Fifty-Five Published Stories That the Database Thought Were Unpublished

Archive note: This incident occurred in the SoCalNomad development
environment on December 29, 2025. Identifiers and credentials have been
omitted.

The publishing pipeline appeared to have one pending story.

The database disagreed with WordPress.

Fifty-five story clusters contained a WordPress post identifier,
which meant a post had been created, but their editorial status still
said candidate or approved. They had crossed
the system boundary successfully and then failed to record the final
transition.

They were orphaned in an unusual sense: the public artifact existed,
but the internal workflow did not recognize what it had done.

The Dangerous Partial
Success

Distributed workflows rarely fail in one clean piece.

A publishing operation can perform several steps:

  1. Claim an assignment.
  2. Generate or validate content.
  3. Create a WordPress post.
  4. Store the returned post identifier.
  5. Mark the cluster published.
  6. Mark the assignment complete.
  7. Emit an event for downstream systems.

If step three succeeds and step five fails, retrying the whole
operation can create a duplicate post. If the workflow only checks the
internal status, the cluster still looks unpublished.

That was the shape of this incident. WordPress had accepted the
posts, but the local state machine had not reached its terminal
state.

The Evidence Was Already
There

The fix began with a simple invariant:

A cluster with a valid WordPress post identifier cannot honestly
remain an unpublished candidate.

The post identifier was stronger evidence than the stale status
field. It represented an acknowledgment from the external system.

After confirming the records, I reconciled the editorial state for
clusters that already contained post identifiers. The important part was
not the update statement.
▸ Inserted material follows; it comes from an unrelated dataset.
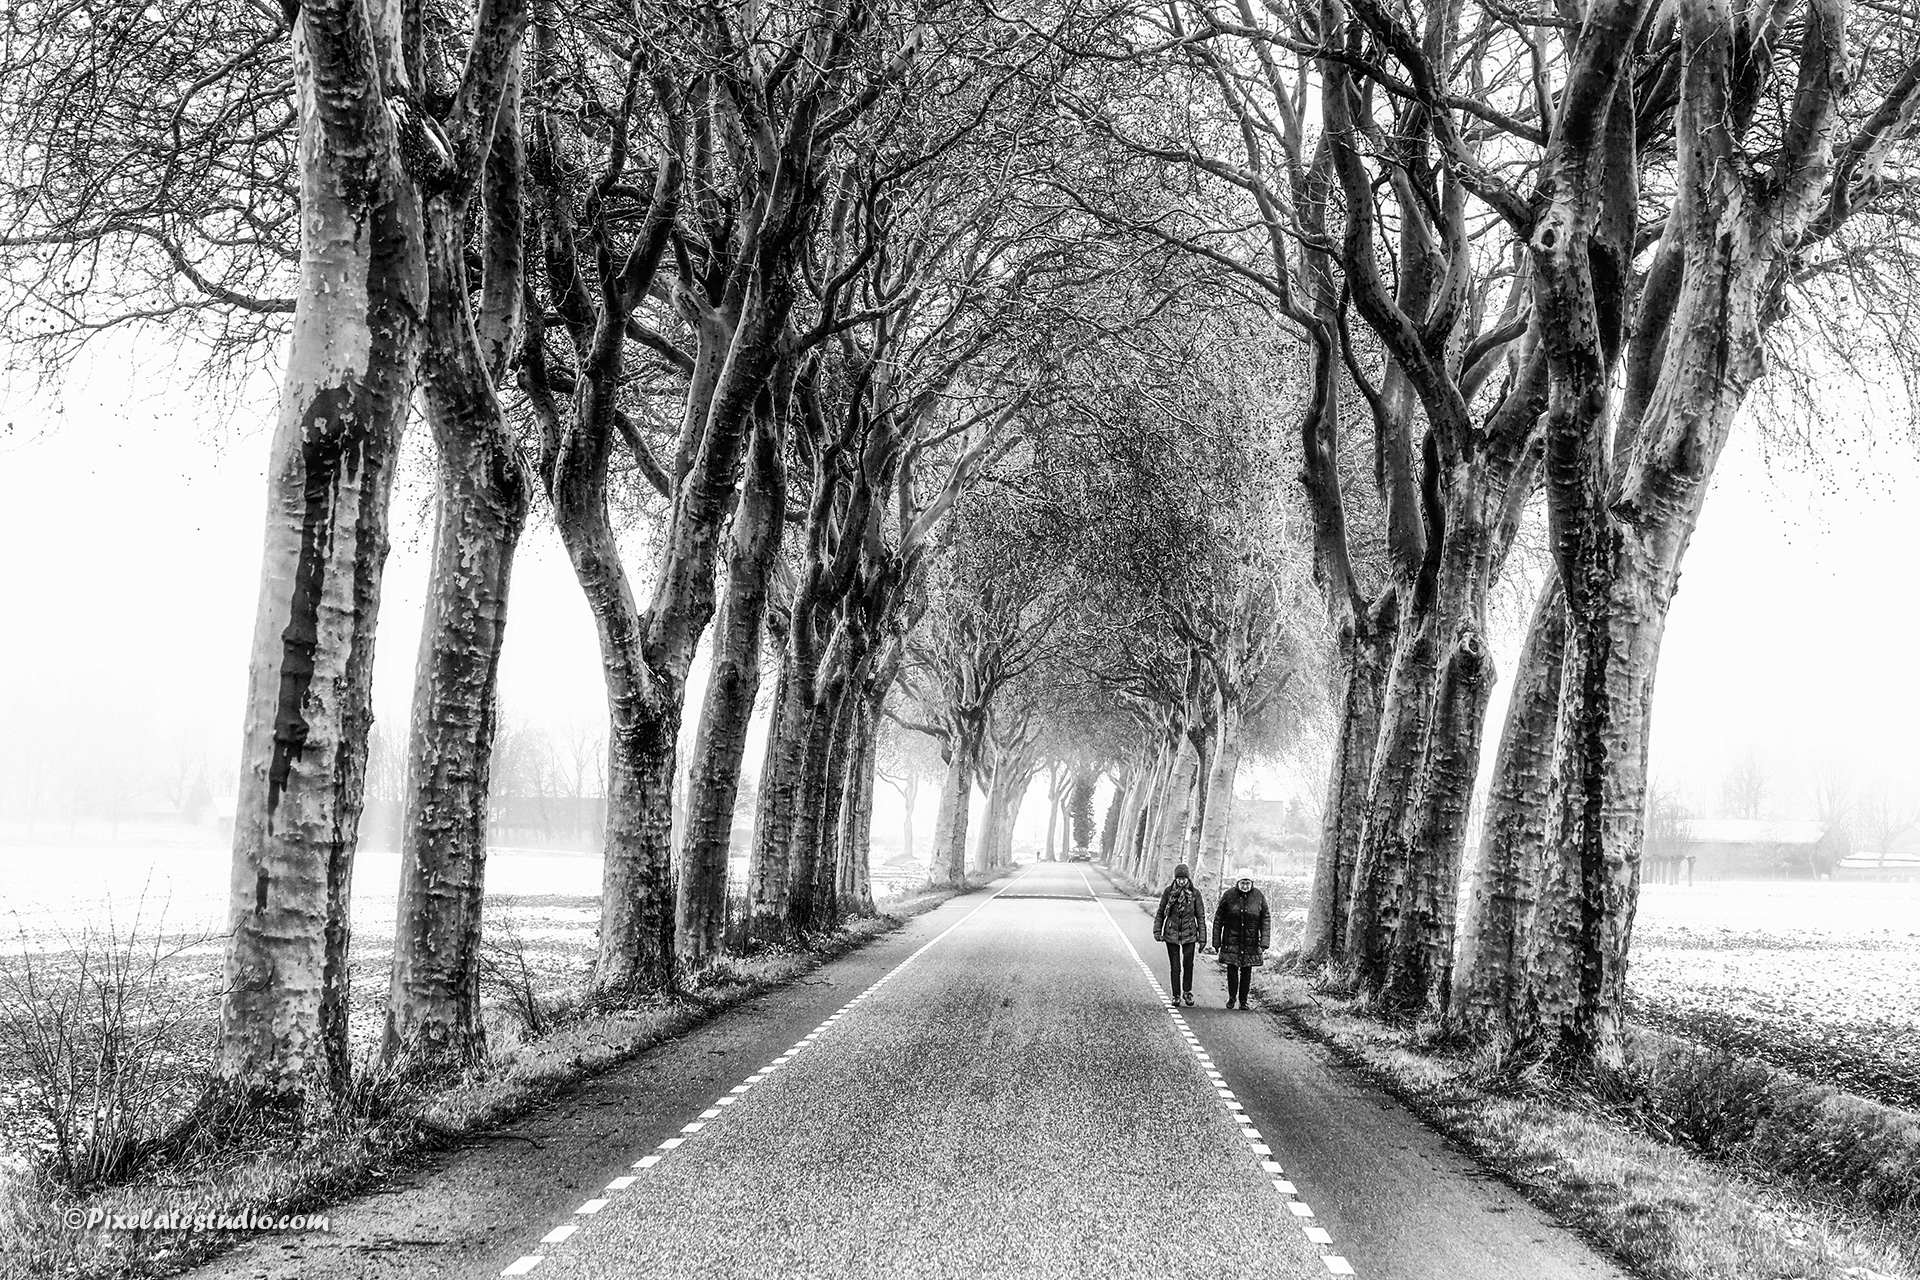 Rij met hoge bomen, weg met hoge bomen met twee wandelaars

It was deciding which field represented
reality when two fields contradicted each other.

Blindly trusting the nominal status would have been wrong. Blindly
trusting any non-null identifier could also be wrong if posts had later
been deleted. Reconciliation needed to include verification against
WordPress or another durable publication log.

Why Transactions
Could Not Solve Everything

A database transaction can make local writes atomic. It cannot
include an ordinary WordPress REST request in the same transaction.

The workflow crossed two systems:

  • PostgreSQL tracked clusters and assignments.
  • WordPress created the public post.

There was no distributed transaction coordinator guaranteeing that
both committed together. The design therefore needed to tolerate partial
success.

The safer pattern was:

  1. Acquire a durable publication lock.
  2. Check whether a post identifier already exists.
  3. If it exists, verify and reconcile instead of posting again.
  4. If it does not exist, create the post with an idempotency strategy
    where possible.
  5. Persist the external identifier immediately.
  6. Advance remaining state transitions.
  7. Make every later step safe to retry.

The post identifier becomes a checkpoint, not merely metadata.

Orphans Were a Monitoring
Failure Too

The inconsistent records had accumulated because no routine query
treated them as an error condition.

Several checks should have existed:

  • Post identifier present while status is not published
  • Published status without a post identifier
  • Assignment marked complete while the cluster is not published
  • Assignment running beyond its expected duration
  • Multiple posts associated with one cluster
  • A publication event missing after a completed post

These are cross-field integrity checks. They catch failures that
individual workflow nodes cannot see.

The system already logged many events, but logs are not invariants. A
dashboard can show green executions while durable state quietly
diverges.

The Real Fix Was Idempotency

Correcting fifty-five rows repaired history. It did not prevent
recurrence.

The subsequent design added duplicate guards around assignments and
publication. Before creating a post, the Publishing Desk attempted to
claim the cluster and checked whether publication had already occurred.
A job processor could retry stalled assignments without assuming that
every previous step had failed.

That distinction is central:

  • A retryable workflow asks what has already succeeded.
  • A naive workflow assumes failure erased all prior effects.

External APIs make the second assumption dangerous.

What the Incident Changed

The investigation turned a vague publishing problem into a concrete
rule: public side effects must leave durable receipts, and those
receipts must participate in recovery.

The WordPress post identifier was not just a link. It was proof that
the system had crossed a point of no return.

Fifty-five inconsistent clusters looked like a data-cleanup task.
They were actually a design review. The system had been optimized for
the happy path and had no formal answer for “the post exists, but the
workflow did not finish.”

Once that question was explicit, the necessary controls became
obvious: locks, checkpoints, reconciliation queries, idempotent retries,
and alarms for impossible state combinations.